Source DB:  PubMed          Journal:  Neurol Med Chir (Tokyo)        ISSN: 0470-8105            Impact factor:   1.742


Introduction

Posterior stabilization with lateral mass screw (LMS) in the cervical spine is one of the common surgical procedures, which aim for rigid stabilization by facet fusion. Facet non-union has a potential risk of the screw loosening and malalignment.[1,2)] Although some authors have reported the influencing factors about screw loosening in the lumbar spine, there are few report about the risk factor contributing to the facet non-union in the cervical spine.

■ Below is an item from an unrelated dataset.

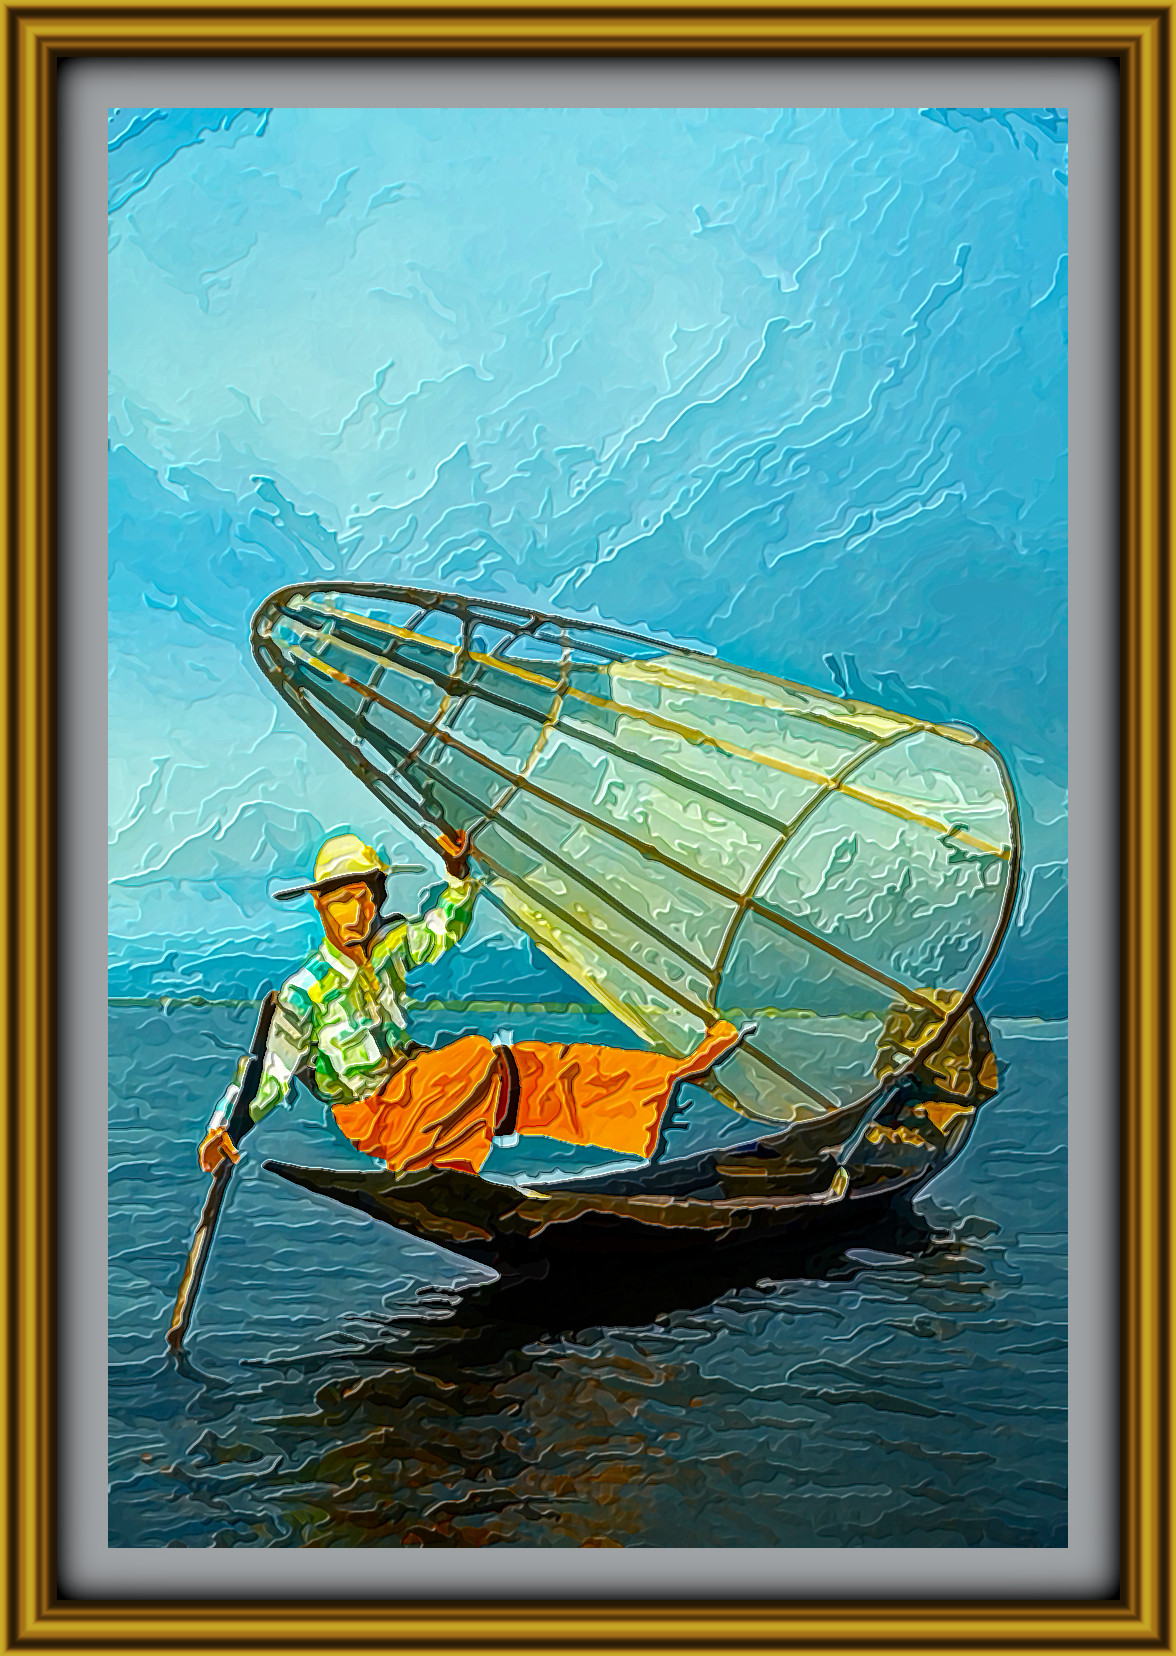 2024-02-15 09-50-38 Inle_Lake_Fisherman_Portrait_Myanmar_Colby_Brown_3 with JVID Embossed Graphic Effect, parms=1, 127.0, 6.0, 8.0, 7.5, 9.75, 1.5, 0.0, 0.jpeg

The objective of this article is to investigate the incidence of and risk factors for facet non-union of the LMS fixation in the cervical spine. Additionally, we aim to determine whether intraoperative LMS insertional screw torque correlates with facet fusion and maintained postoperative alignment.

Materials and Methods

We reviewed data from 2011 to 2018 for 22 patients (78 facets and 122 screws) retrospectively. The inclusion criteria for the patients were as follows: 1) degenerative cervical spondylolisthesis, which was confirmed by functional radiograms, 2) degenerative cervical kyphosis, and 3) patients with at least 1-year postoperative computed tomography (CT). The exclusion criteria were as follows: 1) patients with different types of fusion applied on different levels, 2) patients with screws resulted in a breach or were revised during the procedure, and 3) patients with trauma. Age, gender, smoking, bone mineral density (BMD), the degree of facet decortication with bone packing, and screw loosening were investigated as risk factors contributing to the facet non-union at each segmental fused level. Additionally, we measured maximal insertional screw torque (MIT) intraoperatively in all patients and assessed insertional screw torque, BMD, number of fused levels, the position of screw, screw length and diameter, comparing loosened screws with stable screws. Institutional review board in our hospital approved this study (FHR 2019-14).

Surgical technique

All procedures were performed with intraoperative C-arm digital fluoroscopic guidance. A 2-mm diameter pilot hole with trajectory directed at the superolateral mass quadrant was drilled using a high-speed burr at the mass entry, approximately 2-mm medial and cranial to the midpoint of the lateral mass prior to laminectomy. The trajectory was checked frequently and the length of screw was decided based on the length of tapper under intraoperative C-arm digital fluoroscopic guidance. The screws (SOLANAS; Globus Medical Inc., Methuen, MA, USA) were directed approximately 25° laterally and superiorly, parallel to the intervertebral facet (Magerl technique).[3)] Unicortical screw fixation was performed in all patients to minimize the risk of neural or vascular injury. After inserting screws, facet decortication was performed by a 2-mm diameter diamond drill to the extent that it does not interfere with screws, confirming the direction of facet. Straight rod was used. After screw–rod fixation and decortication of the facets, locally harvested minced bone chips were packed into the facet joints to achieve biological fusion. Laminectomy for decompression and in situ fusion was performed in all patients. Three 1st operators with spinal surgery specialist license approved by Neurospinal Society of Japan performed the procedures.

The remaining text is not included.